Analyst · Midwest Advisors

Okay, great. Thank you.

Anna Chew

Analyst · Midwest Advisors

You’re welcome.

Operator

Operator

The next question will come from John Shea, [ph] a private investor.

Unidentified Analyst

Analyst

Yes. I may have missed it, but I didn’t hear any discussion on the divided going forward. Could you please elaborate a little, please?

Eugene Landy

Analyst · Wunderlich

Several years, we’ve announced that the funds from operation have not covered the dividend and we’ve been very optimistic though that we’re going to increase occupancy. The main thing in UMH is to increase occupancy. We have - was it 18,000?

Anna Chew

Analyst · Wunderlich

18,900.

Eugene Landy

Analyst · Wunderlich

18,900 units, we have 2,700 vacancies. Historically, if you go back more than a decade, manufactured home communities were full. And we are very optimistic we can increase our occupancy and that increase the top line and that will increase the bottom line. And we’ll have the dividend covered. But at the present time, there is a shortfall. Now, this year, as Sam pointed out, is beginning rather optimistically. We think sales are going to pick up. We think occupancy is going to pick up. We think the rental unit program is going to work even better this year. And we may have an increase in FFO this year. But because there is a deficit, we still continue with $0.18 a quarter, $0.72 a year dividend. And we’re optimistic, we will be able to cover that dividend, but it may take more than this year.

Samuel Landy

Analyst · Wunderlich

Just to correct the number you gave, it’s 17,793 sites.

Eugene Landy

Analyst · Wunderlich

How many of vacancies do we have?

Samuel Landy

Analyst · Wunderlich

3,000 approximately.

Eugene Landy

Analyst · Wunderlich

3,000 vacancies, 3,000 vacancies is $15 million in potential revenue.

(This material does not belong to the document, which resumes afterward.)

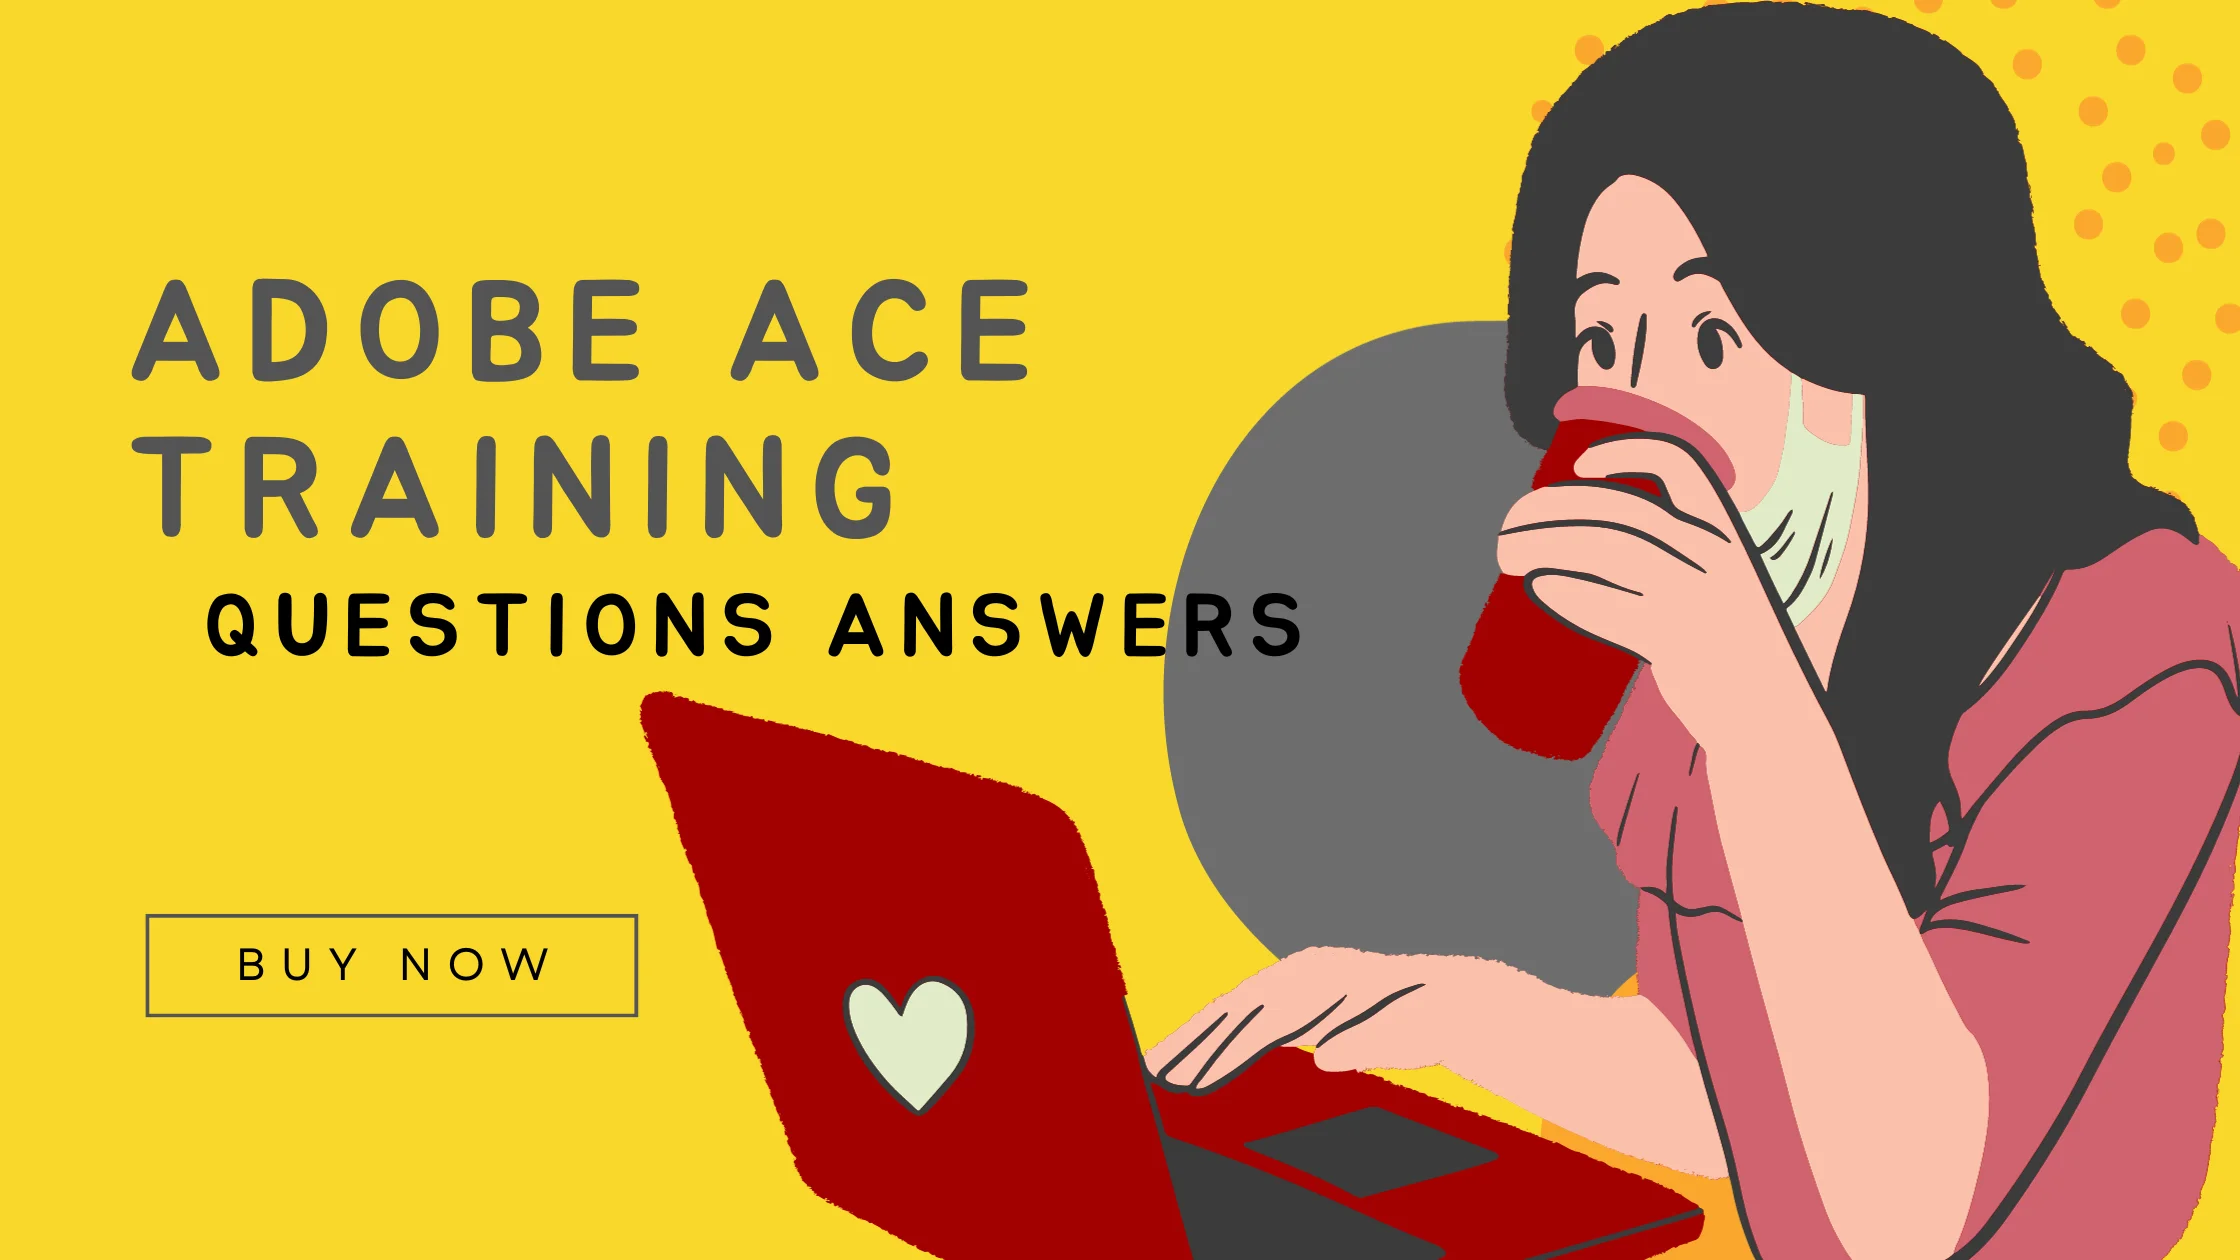 Adobe ACE Training promotion

And when you analyze UMH, that’s where we are concentrating all our efforts to back to a community program, where we run 100% occupied.

Unidentified Analyst

Analyst

Thank you.

Operator

Operator

And this concludes our question-and-answer session. I would like to turn the conference back over to Samuel Landy for any closing remarks.

Samuel Landy

Analyst · Wunderlich

Thank you, operator. I would like to thank the participants on this call for their continued support and interest in our company. As always, Gene, Anna, and I are available for any follow-up questions. We look forward to reporting back to you after our first quarter. Thank you.

Operator

Operator

The conference is now concluded. Thank you for attending today’s presentation. The teleconference replay will be available in approximately one hour. To access this replay, please dial U.S. toll-free 1-877-344-7529 or international 1-412-317-0088. The conference ID number is 10077524. Thank you and please disconnect your lines at this time.